Task details =>
The whole listing is to be given again without alteration, except that its pictures are dropped.

--- Dataset section Enclosed Below ---

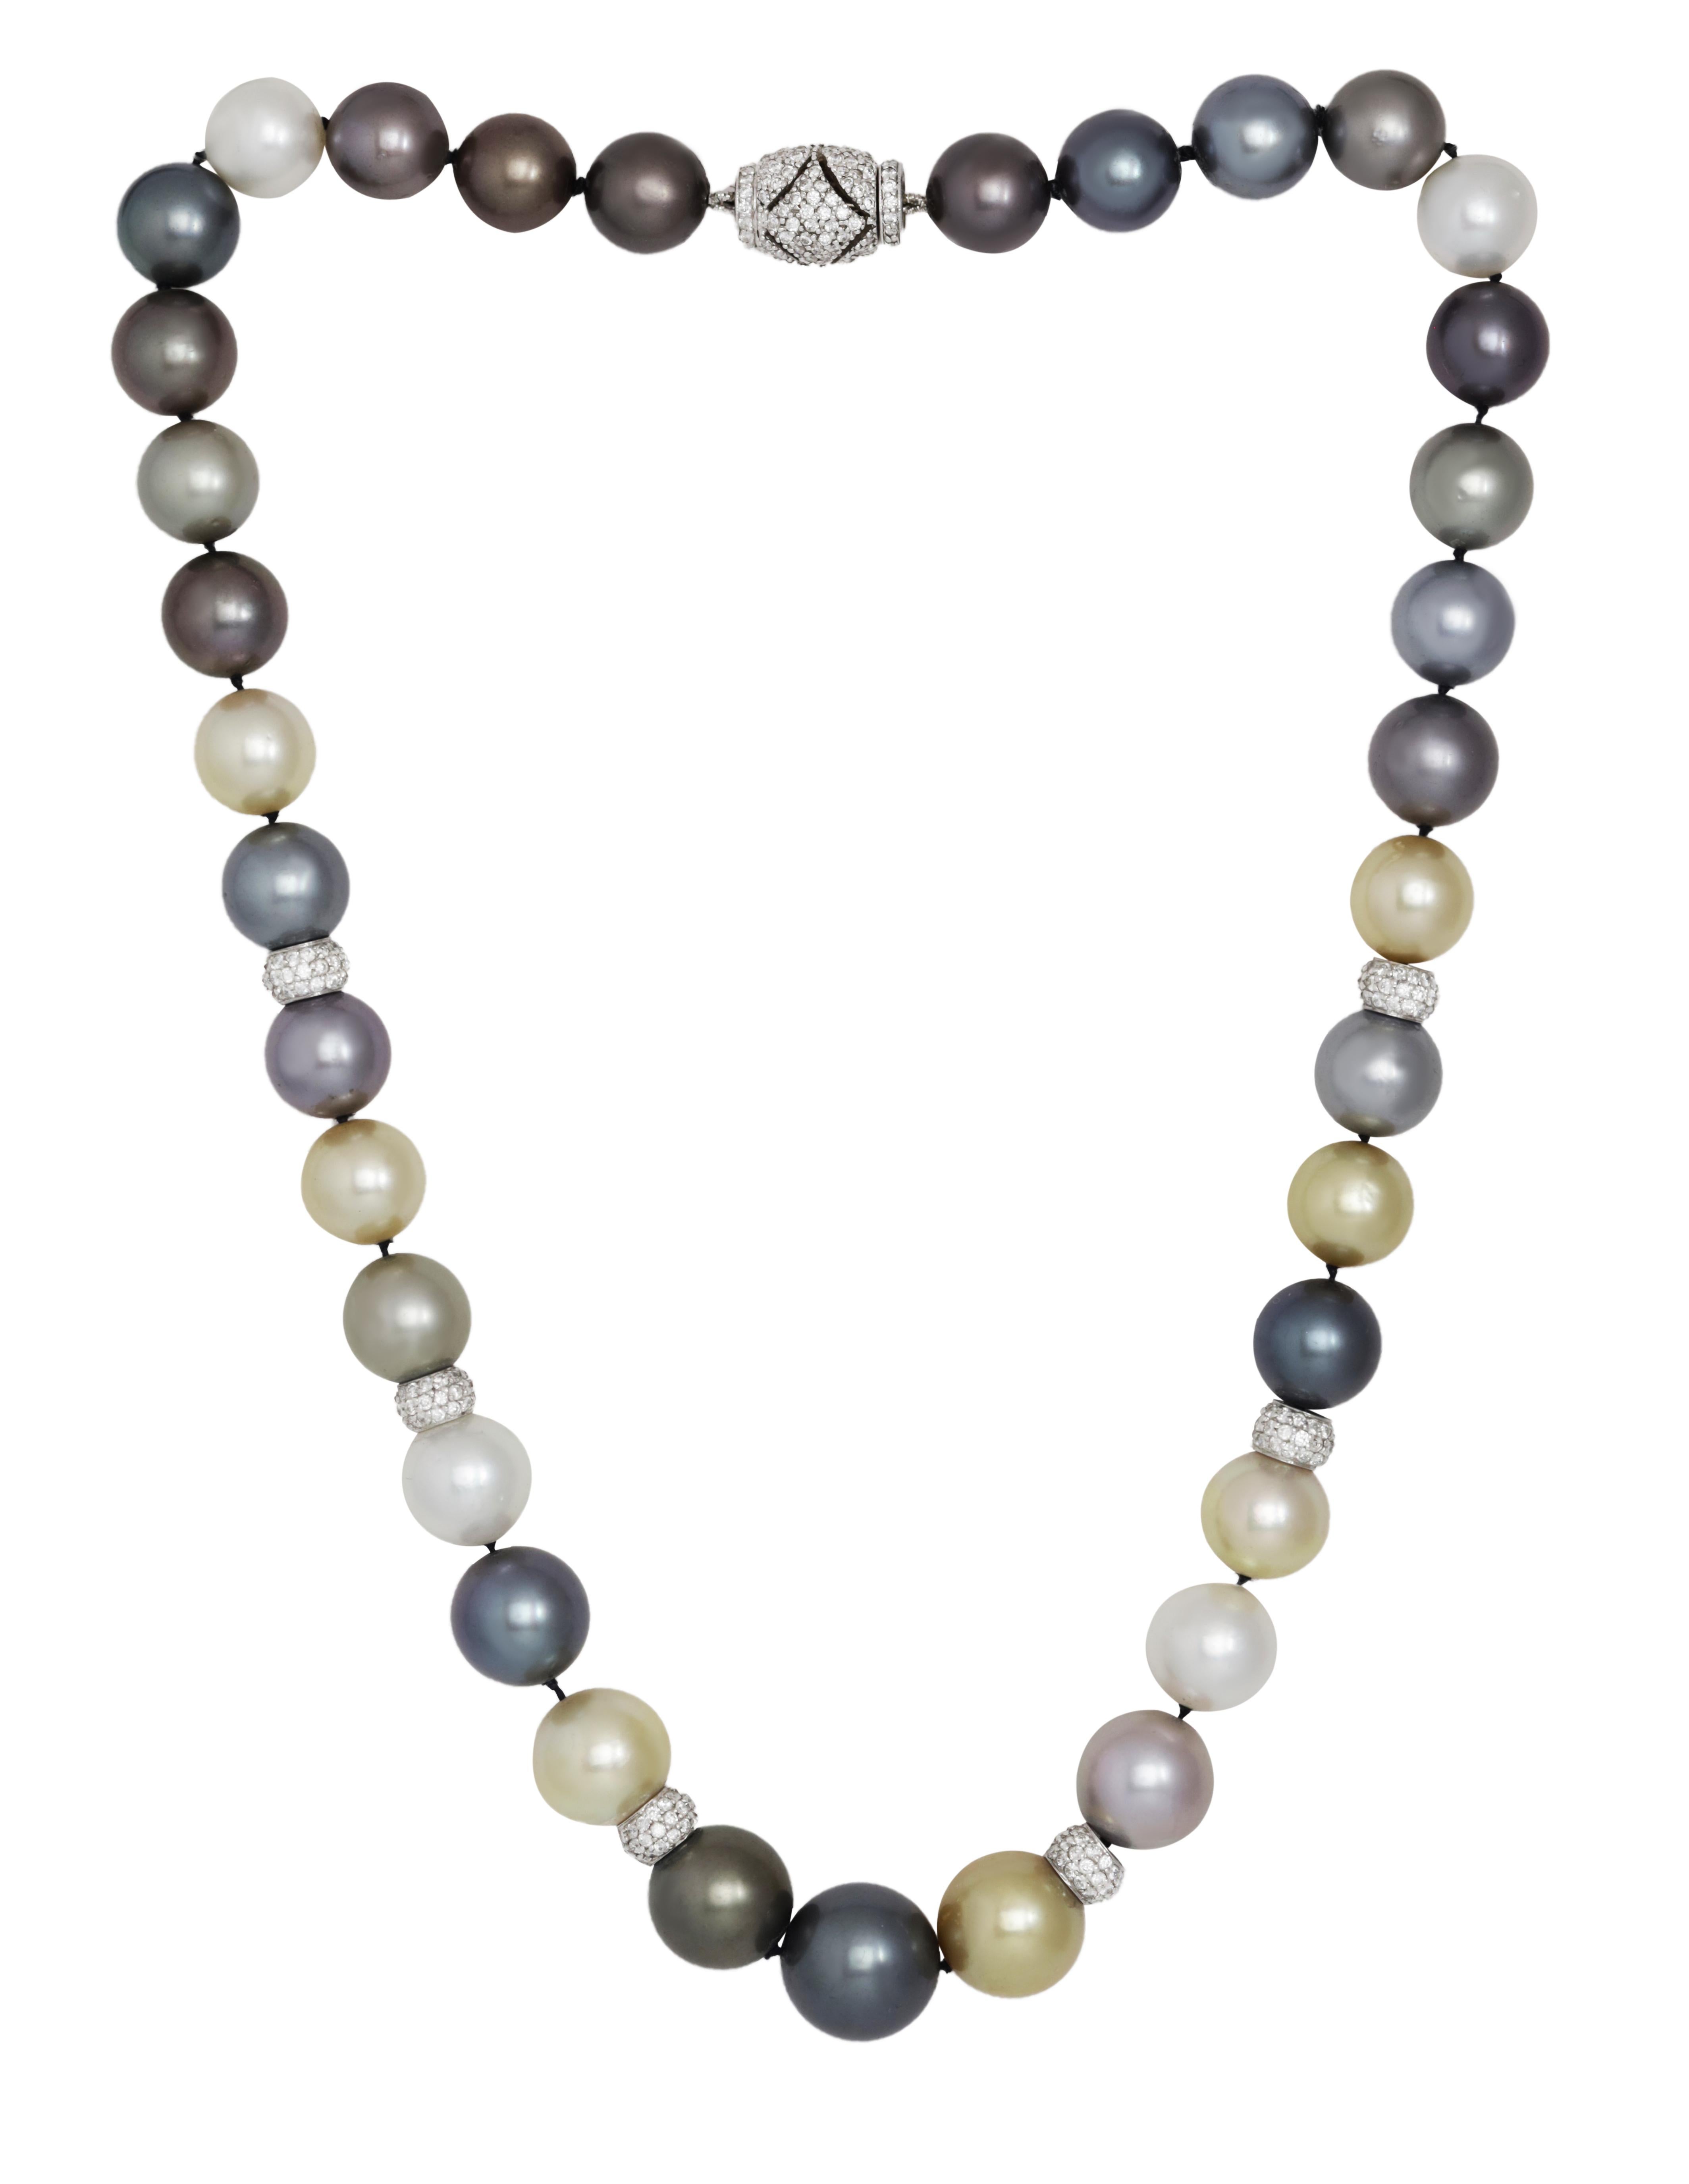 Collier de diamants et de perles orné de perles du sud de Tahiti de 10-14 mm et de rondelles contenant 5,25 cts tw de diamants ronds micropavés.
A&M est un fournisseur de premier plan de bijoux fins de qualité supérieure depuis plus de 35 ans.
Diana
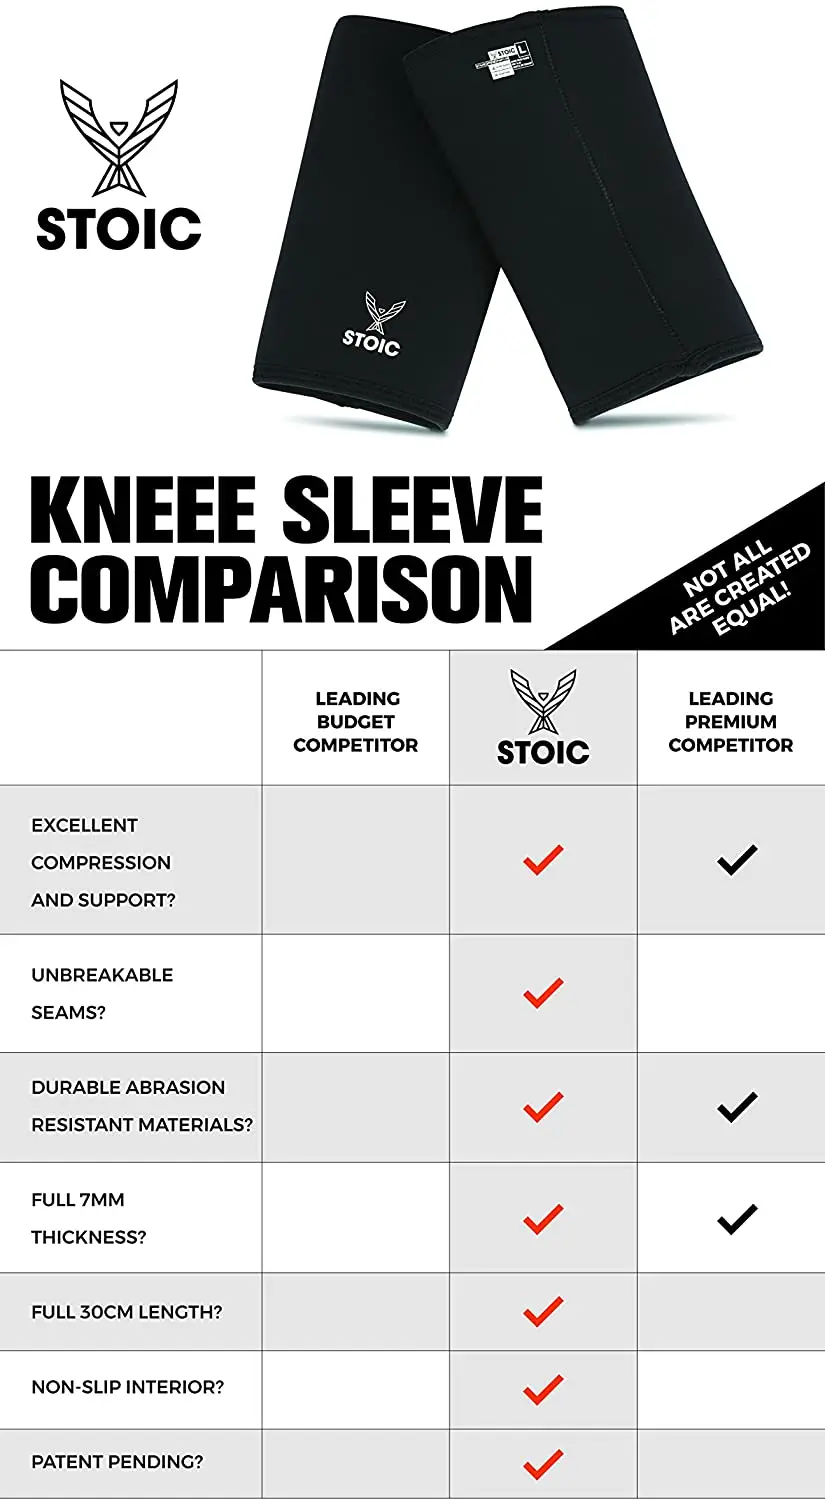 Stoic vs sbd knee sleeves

--- End of Enclosed Dataset section ---

Exercise answer =>
 Collier de diamants et de perles orné de perles du sud de Tahiti de 10-14 mm et de rondelles contenant 5,25 cts tw de diamants ronds micropavés.
A&M est un fournisseur de premier plan de bijoux fins de qualité supérieure depuis plus de 35 ans.
Diana
 Stoic vs sbd knee sleeves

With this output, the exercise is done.